Ich hoffte beinahe, dass Riley nicht zu Hause war, weil ich nicht genau wusste, wie ich ihr beibringen sollte, dass man den Leichnam ihres Mannes wieder ausgraben wollte. Oder wie sie reagieren würde. Aber ich wusste, dass um fünf Minuten vor neun an einem Sonntagmorgen kaum damit zu rechnen war, dass sie sich irgendwo anders aufhielt. Soweit ich wusste, hatten sich ihre Kirchgänge in den letzten Jahren auf ihre Hochzeit und Seans Beerdigung beschränkt.

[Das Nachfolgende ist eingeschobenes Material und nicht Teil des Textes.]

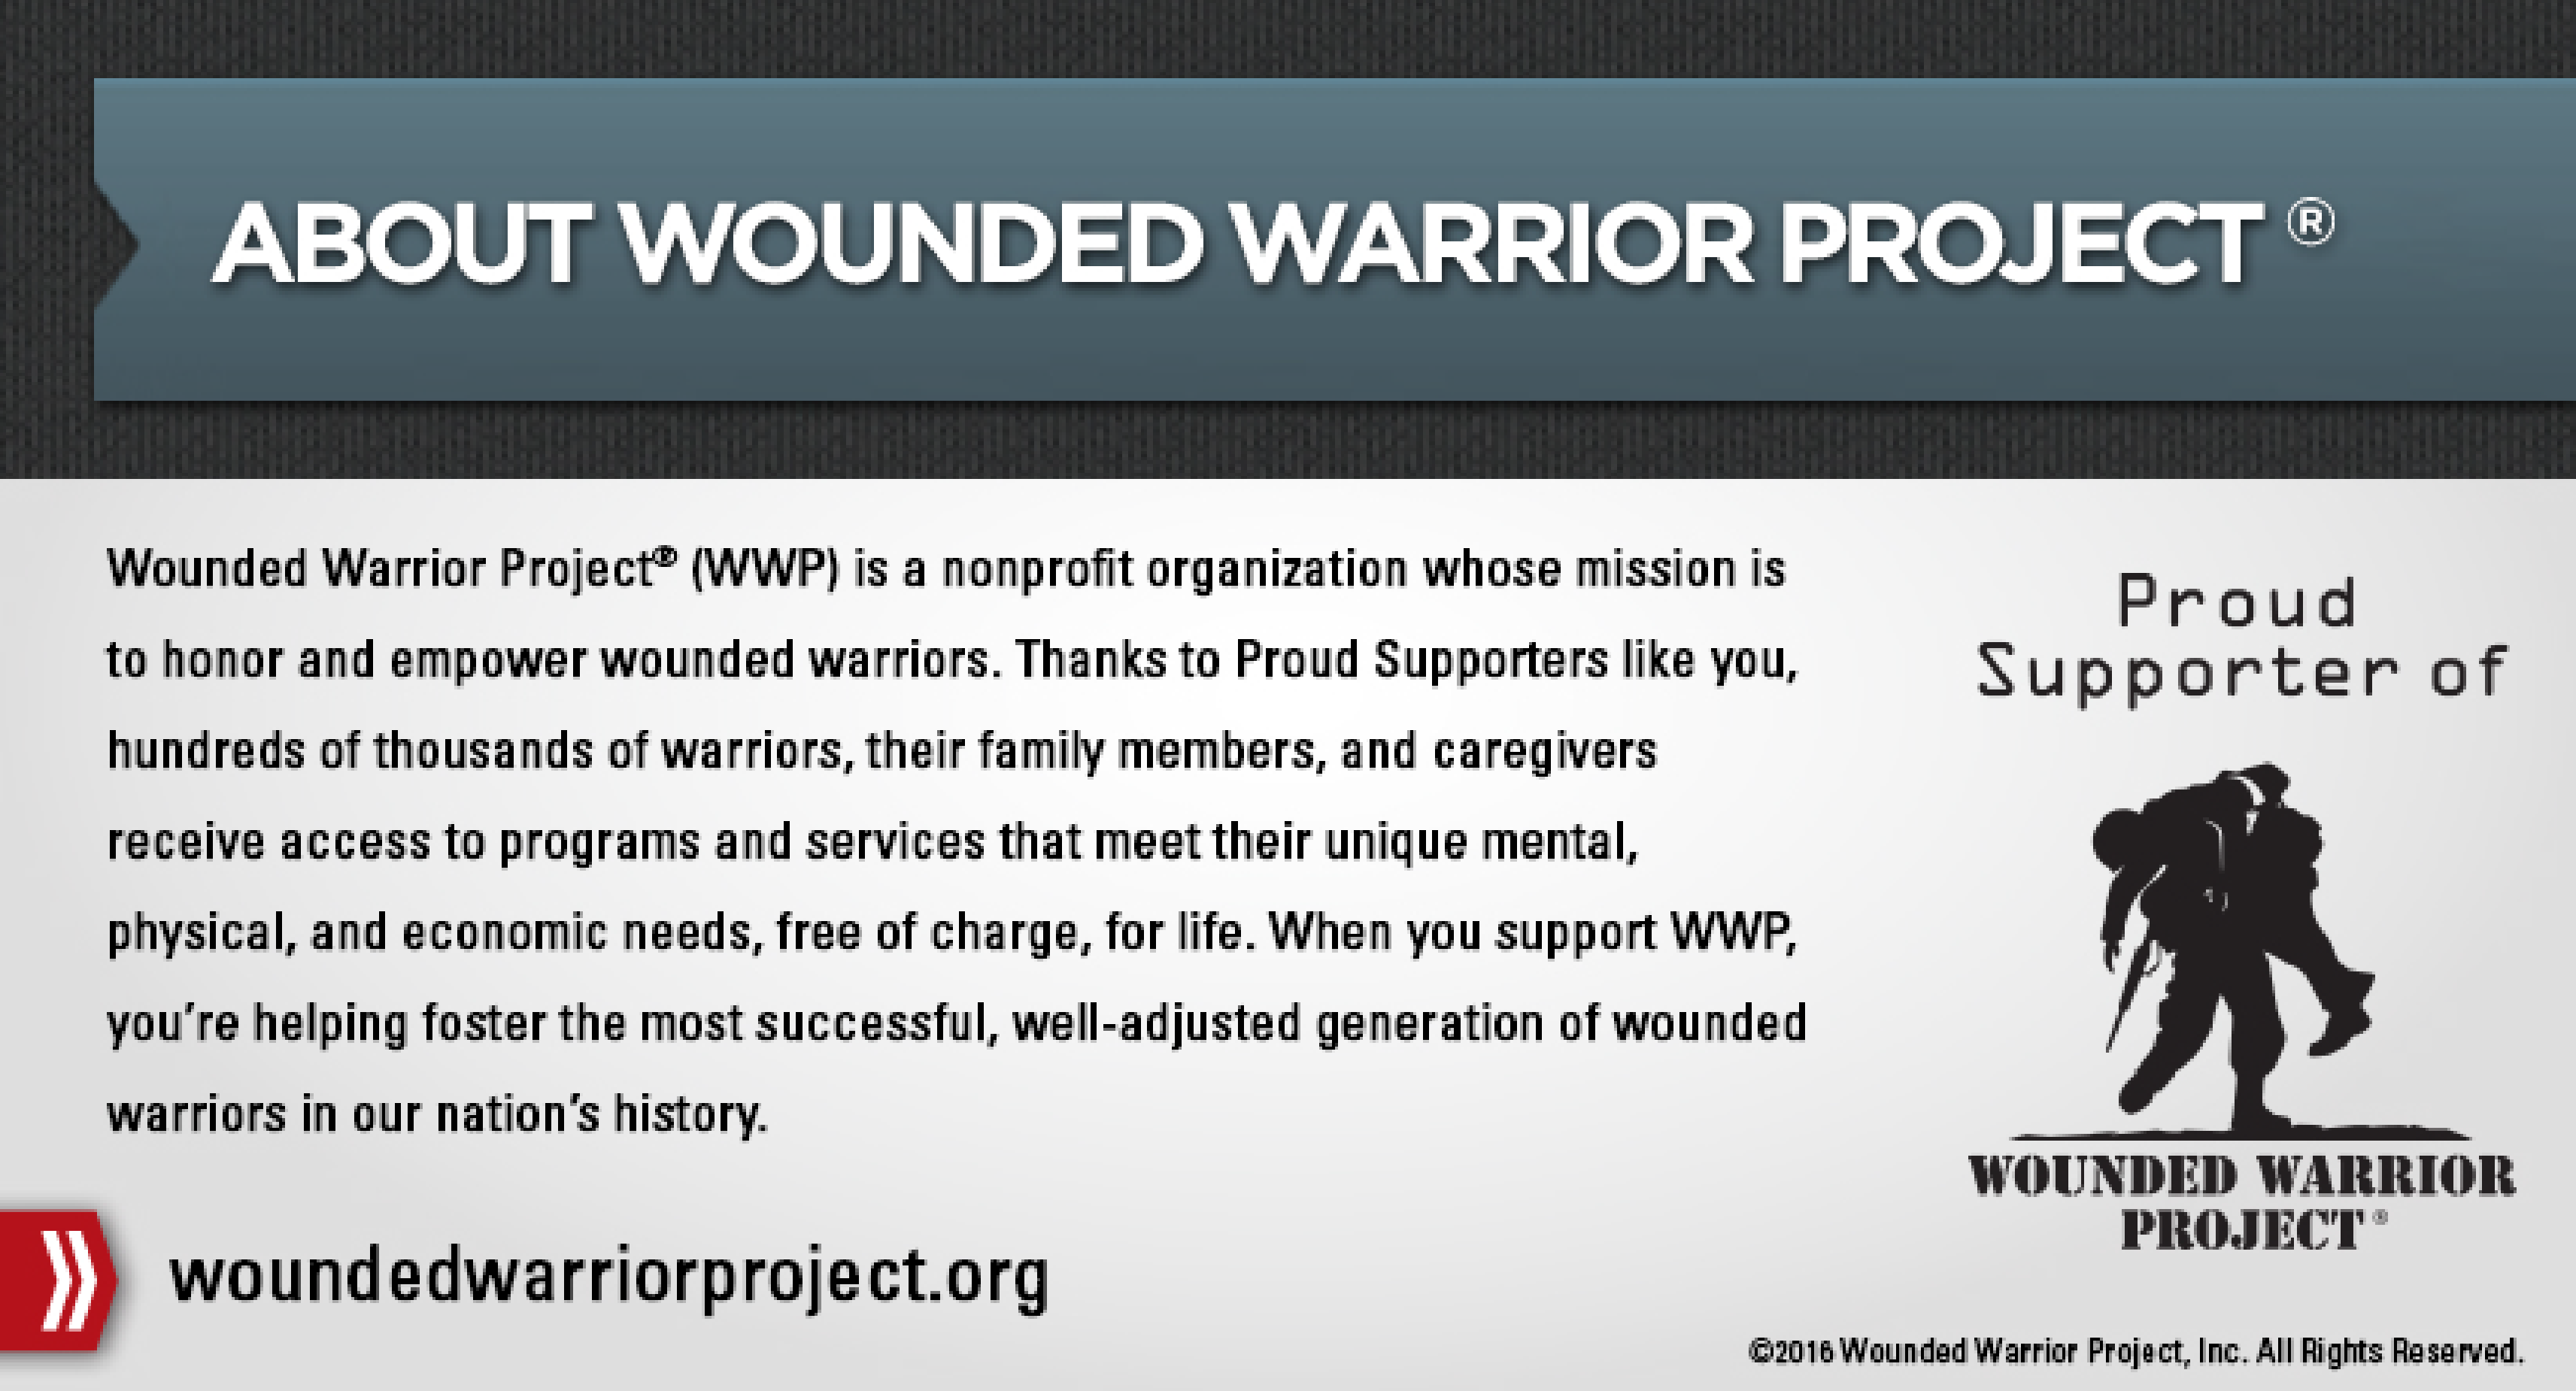 Wounded Warrior Description

Sie meldete sich nach dem zweiten Läuten mit einer Stimme, die mir etwas fröhlicher vorkam als in den letzten Wochen. Anfangs war ich nicht einmal sicher, dass sie es war.
»Riley?«
»Jack, wo bist du? Ich habe mir schon Sorgen gemacht.«
»Ich bin in Phoenix. Worüber sorgst du dich?«
»Ach, du weißt schon. Ich wusste nicht, was vor sich geht.«
»Tut mir Leid, dass ich nicht angerufen habe. Es ist alles okay. Ich arbeite mit dem FBI zusammen. Ich kann dir nicht viel erzählen, aber sie beschäftigen sich eingehend mit Seans Tod. Mit seinem und noch ein paar weiteren.«
Ich schaute aus dem Fenster und erkannte die Konturen eines Berges am Horizont. In der Touristen-Broschüre auf dem Nachttisch stand, dass er Camelback Mountain hieß, und der Name passte - er sah wirklich aus wie der Rücken eines Kamels. Ich wusste nicht, ob ich zu viel erzählte. Aber es war kaum damit zu rechnen, dass Riley die Geschichte an den National Enquirer verkaufen würde.
»Äh, es hat sich etwas Neues ergeben. Sie glauben, dass ihnen bei Sean irgendwelche Beweise entgangen sind ... Äh, sie möchten ... Riley, sie müssen ihn aus der Erde holen, um ihn sich noch einmal anzusehen.«
Es kam keine Antwort. Ich wartete eine lange Zeit.
»Riley?«
»Jack, warum?«
»Es würde sehr helfen. Den Ermittlungen.«
»Aber was wollen sie tun? Wollen sie ... ihn noch einmal aufschneiden?«
Die letzten Worte waren nunmehr ein verzweifeltes Flüstern. Mir wurde klar, dass ich den Job, es ihr schonend mitzuteilen, vermasselt hatte.